Have you got any ideas?
Cheers,
Tom
Created on 06-22-2016 09:35 AM
For those that are interested, it had nothing to do with JCE extensions, the error was a red herring as the JVM simply couldn't read the SPNEGO keytab as it didn't have the correct permissions.
Created on 07-21-2016 09:15 AM
@Jonas Straub Can we configure ranger on solr without having kerberos in our cluster ?
Created on 07-24-2017 09:30 PM
I am running into errors from Ambari-infra-solr in HDP 2.5 with a Kerberized and SSL enabled cluster. I noticed that your steps have a separate keytab for solr-spnego. Is this mandatory to do this way?
SOLR_KERB_KEYTAB=/etc/security/keytabs/solr-spnego.service.keytab
The errors I have are:
SASL configuration failed: javax.security.auth.login.LoginException: Pre-authentication information was invalid (24) Will continue connection to Zookeeper server without SASL authentication, if Zookeeper server allows it
and '401 Authentication required'
Please let me know what I am missing here.
Created on 05-03-2018 12:09 AM
Can someone clarify that this article is relevant to external instance of SOLR and not the one managed by Ambari Infra? There's no Ranger plugin for SOLR managed by Infra, I assume, because it is for internal use. Besides, SOLR managed by Ambari Infra is Kerberized without many of the steps mentioned here.
Created on 07-02-2018 04:44 PM
Steps for dealing with SSL enabled Ranger? (I'm running HDP-2.6.4.0)

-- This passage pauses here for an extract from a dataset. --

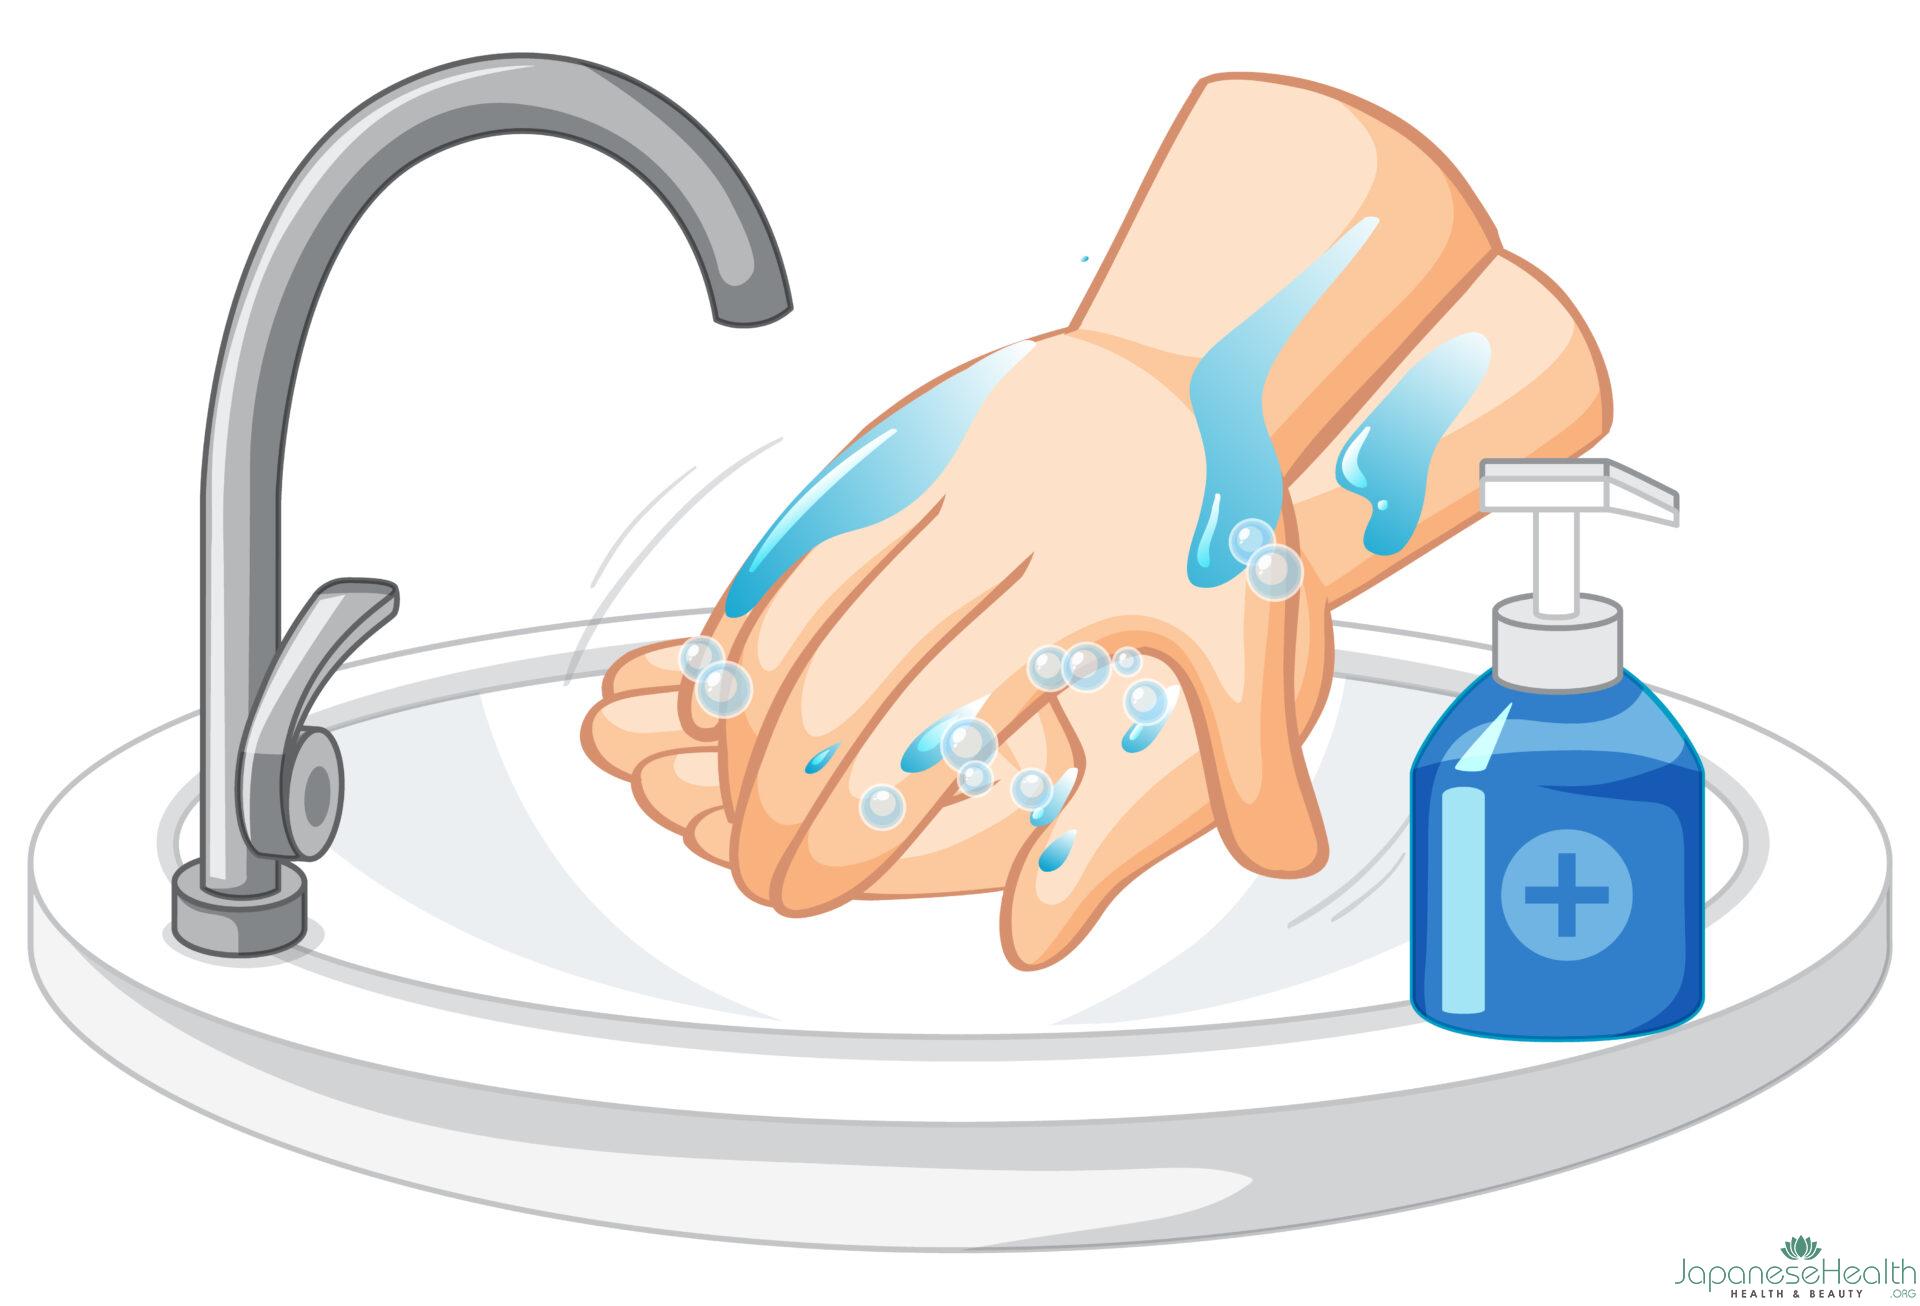 石鹸と流水で、少なくとも20秒間しっかりと手を洗いましょう。

Currently plagued with the following:
Unable to get the Credential Provider from the Configuration
The value of property hadoop.security.credential.provider.path must not be null
SSLContext must not be null
Created on 10-22-2019 07:50 PM
Hi @Jonas Straub,do as your article ,i create collection by curl command,and got the 401 error:
curl –negotiate –u : ‘http://myhost:8983/solr/admin/collections?action=CREATE&name=col&numShards=1&replicationFactor=1&collection.configName=_default&wt=json’
{
“responseHeader”:{
“status”:0,
“QTime”:31818},
“failure”:{
“myhost:8983_solr”:”org.apache.solr.client.solrj.impl.HttpSolrClient$RemoteSolrException:Error from server at http://myhost:8983/solr:Excepted mime type application/octet-stream but got text/html.
<html>
<head>
<meta http-equiv=\”Content-Type\” content=\”text/html;charset=utf-8\”/>”

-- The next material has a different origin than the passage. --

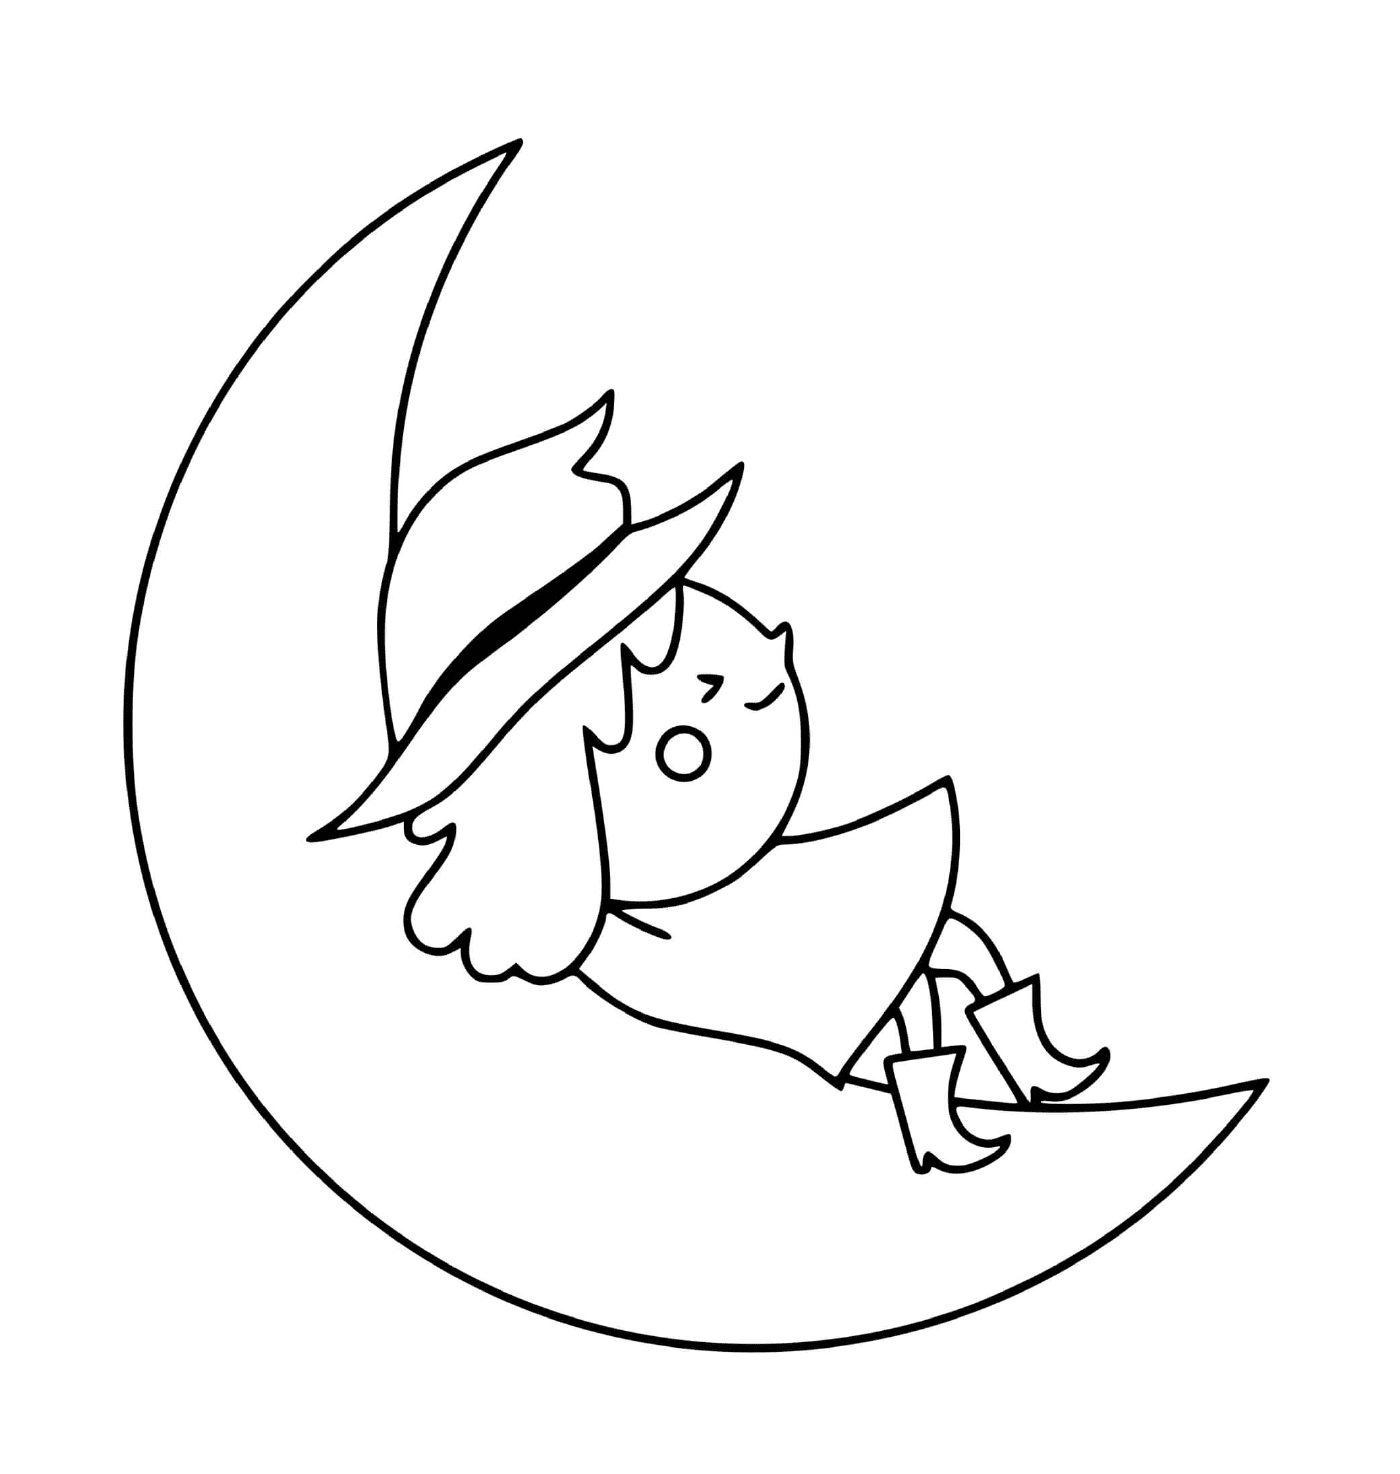  Bruja descansa en la luna

<title> Error 401 Authentication required </title>
</head>
<body>
<h2>HTTP ERROR 401</h2>
<p> Problem accessing /solr/admin/cores.Reason:
<pre> Authentication required</pre>
</p>
</body>
</html>
}
}
When I debug the solr source code, found this exception is returned by “coreContainer.getZKController().getOverseerCollectionQueue().offer(Utils.toJson(m), timeout)”,so I doubt maybe the solr don’t authenticate zookeeper info and I use a no-kerberos zookeeper to replace the Kerberos zookeeper, solr collection can be created successfully.
How to solve the problem with Kerberos ZK?